Chicken Lininggil is a type of dry curry from the province of Maguindanao, Philippines prepared with chicken, string beans and chillies cooked in palapa, turmeric, chicken liver and coconut milk.
- 1 kg free range chicken, cut into sections
- 1 small bunch string beans
- 1 large tomato, chopped
- 1/4 cup liver spread or mashed chicken liver
- 400 ml can coconut milk
- 3 pcs birds eye chillies
- 4 cloves garlic
- 3 small shallots, sliced sibuyas
- 1 thumb sized ginger, sliced
- 2 tsp turmeric
- 1/4 cup palapa
- Using a mortar and pestle (better method) or a food processor combine all spice blend recipes and process until it becomes a paste. Set it aside.
- Heat oil in a wok, once oil start to smoke add and brown chicken pieces on all sides. Once browned remove chicken from the wok then set it aside.
- Lower the heat, add more oil then the palapa, sauté until fragrant.
- Add the tomatoes, then continue to stir fry until tomatoes are soft.

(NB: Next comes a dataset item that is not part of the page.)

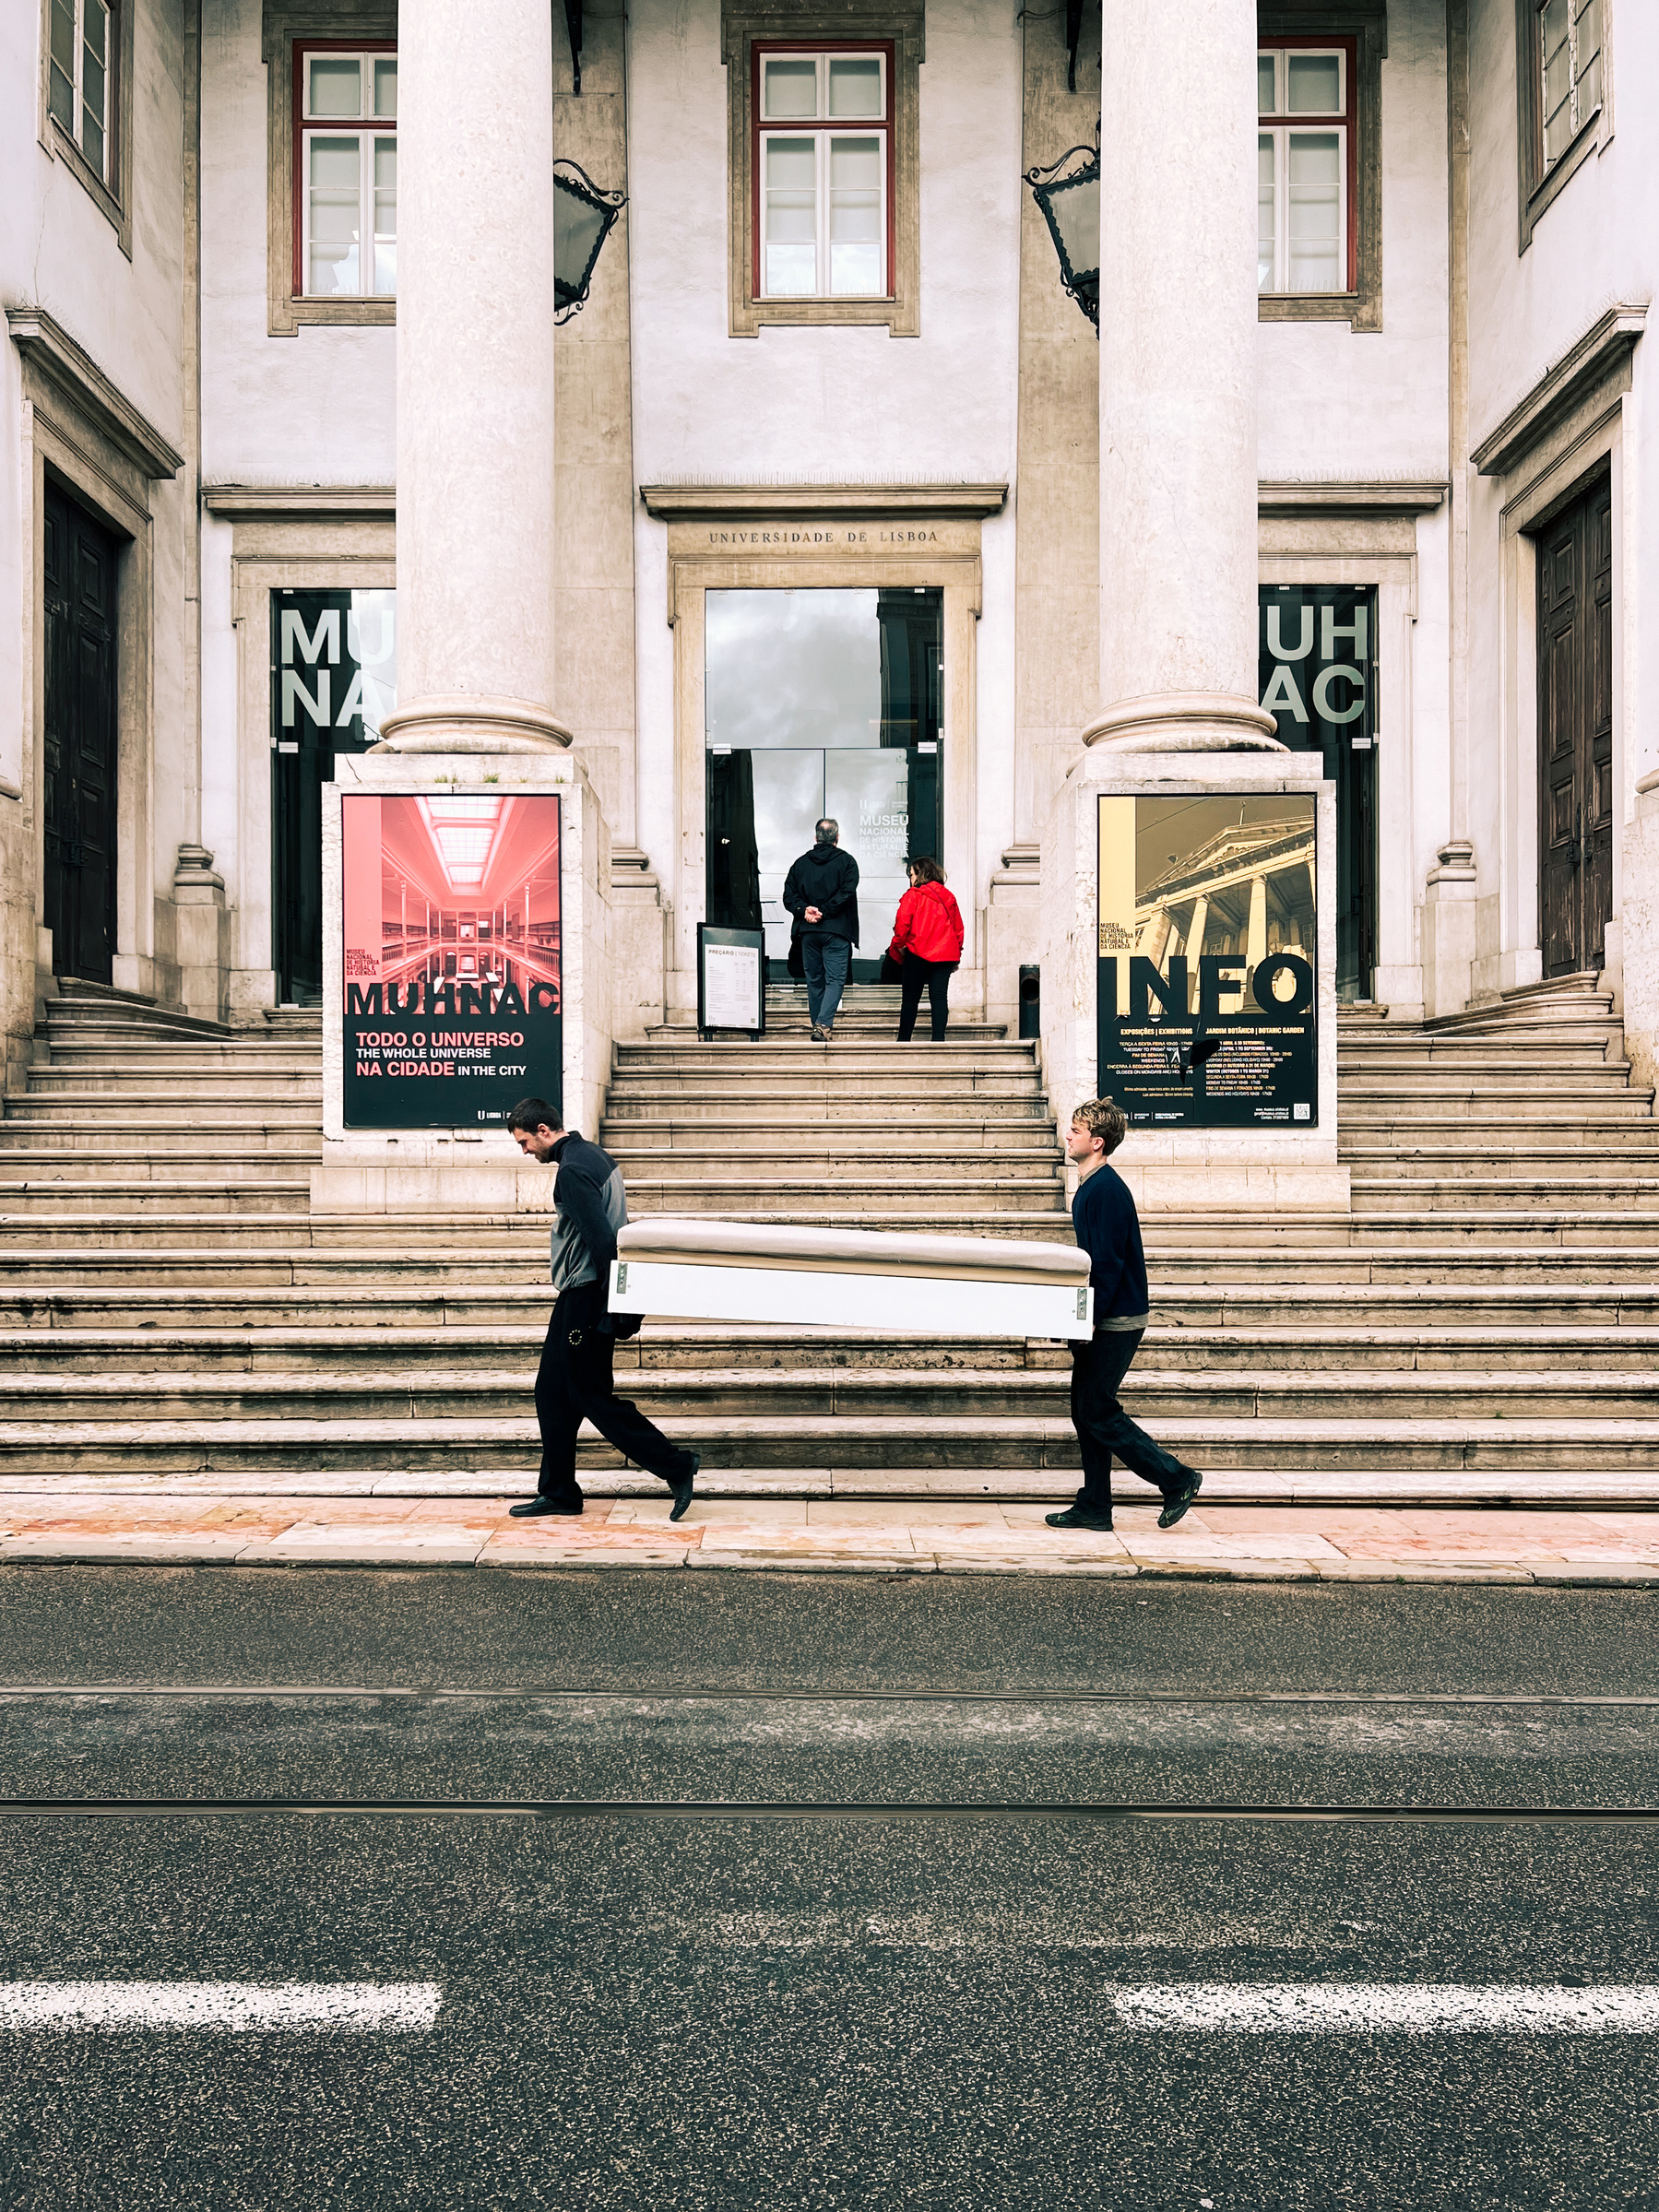 Two individuals carrying a long object on a city street in front of a building with steps and columns, a museum or university entrance, with posters on either side of the doorway.

- Pour the coconut milk then add the chicken, liver, and chillies, bring heat to medium then let it boil.
- Once boiling put heat to low then cover the wok, simmer for 30 minutes.
- Remove the cover, add the string beans, bring heat to high, then cook while mixing occasionally until liquid has almost dried up and string beans are tender, around 5 minutes.
- Season with salt if needed, turn the heat off then serve.